Malgré ces limites, nous avons engrangé une jolie moisson. Au lecteur de juger si notre échantillonnage est représentatif de l’oeuvre de Martineau en général. Il peut facilement aller vérifier par lui-même sur le site du Journal de Montréal si nous n’aurions pas indûment sorti ces passages de leurs contextes et n’aurions pas effectué ce que les anglais appellent du cherrypicking, soit une forme de sélection de passages orientée et malhonnête.

 

1) Le sophisme de la caricature. C’est le plus simple et il est partout chez Martineau. Il s’agit de fournir une version caricaturale de la position de l’adversaire et de l’attaquer. On se bat contre un «homme de paille». Voici deux exemples typiques:

a) Le sophisme : « Partout, en Occident, on entend le chant désespéré des cigales qui se retrouvent le cul sur la paille après avoir mené la vie de pacha.» (Le chant des cigales, 29 juin 2012).
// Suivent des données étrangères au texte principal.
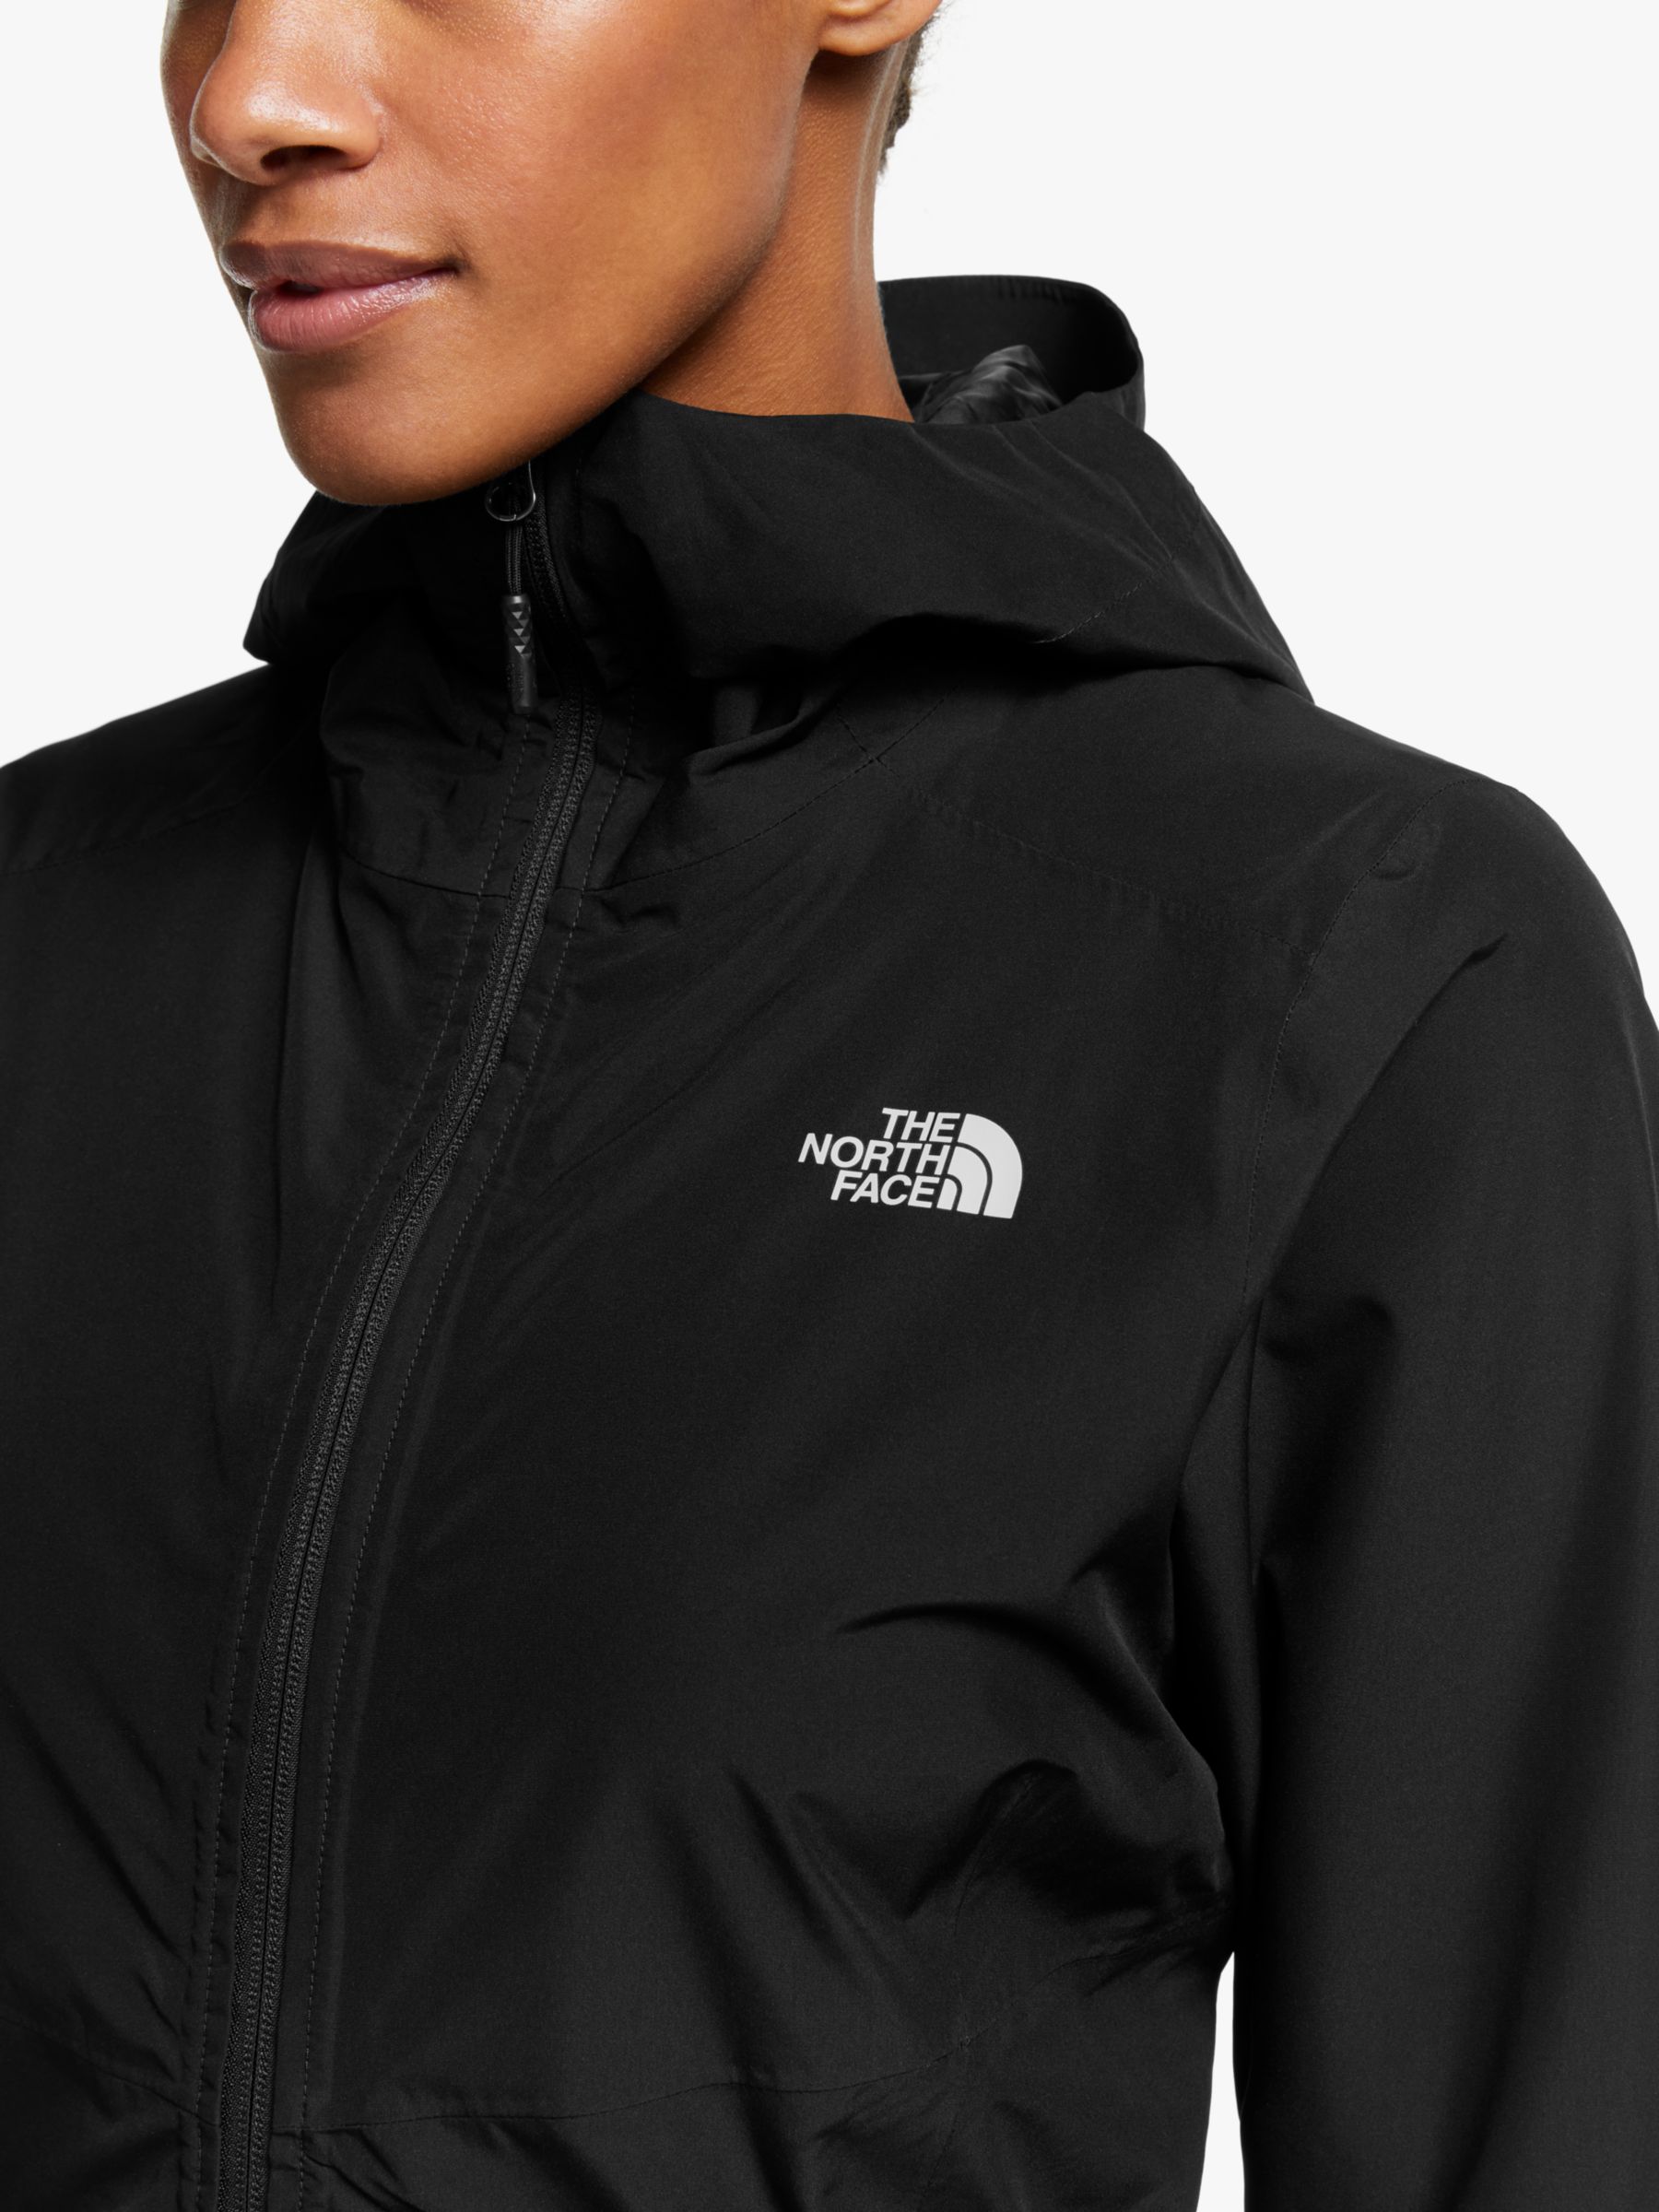 Buy The North Face Hikesteller Women's Waterproof Parka Shell Jacket Online at johnlewis.com

Commentaire : Martineau affirme dans cette chronique que les social-démocraties vivaient au-dessus de leurs moyens et que maintenant la fin de cette période est arrivée. Très bien. Mais pourquoi qualifier l’existence sous une social-démocratie de « vie de pacha » ? Pour la plupart des gens, cela aura signifié une vie exempte de misère et ouverte à la mobilité sociale, mais d’aucune manière une vie luxueuse ou princière.

Dans la même veine, les rengaines sur « le party est fini » et la « fin de la récréation » (La France se réveille, 4 juillet 2012).

b) Le sophisme : « Pour les gens de droite, les individus sont responsables des gestes qu’ils commettent. Pour les gens de gauche, la responsabilité est collective. C’est toujours la faute des autres: la société, les maladies mentales, les médias, l’économie et — surtout — le système néo-libéral, cause première de tous les maux, y compris le zona, les hémorroïdes, les ongles incarnés et la goutte. » (La mauvaise cible, 1er septembre 2012).

Commentaire : Si l’idéologie de droite implique la notion du libre-arbitre des individus, celle de gauche n’implique pas de manière symétrique l’absence totale de liberté individuelle et par conséquent, l’absence d’imputabilité morale. Les « gens de gauche » dont parle Martineau, à supposer qu’ils existent, sont simplistes. En les érigeant au rang de représentants de la gauche, il se la joue vraiment trop facile. C’est comme si on faisait de lui le porte-parole de la droite québécoise…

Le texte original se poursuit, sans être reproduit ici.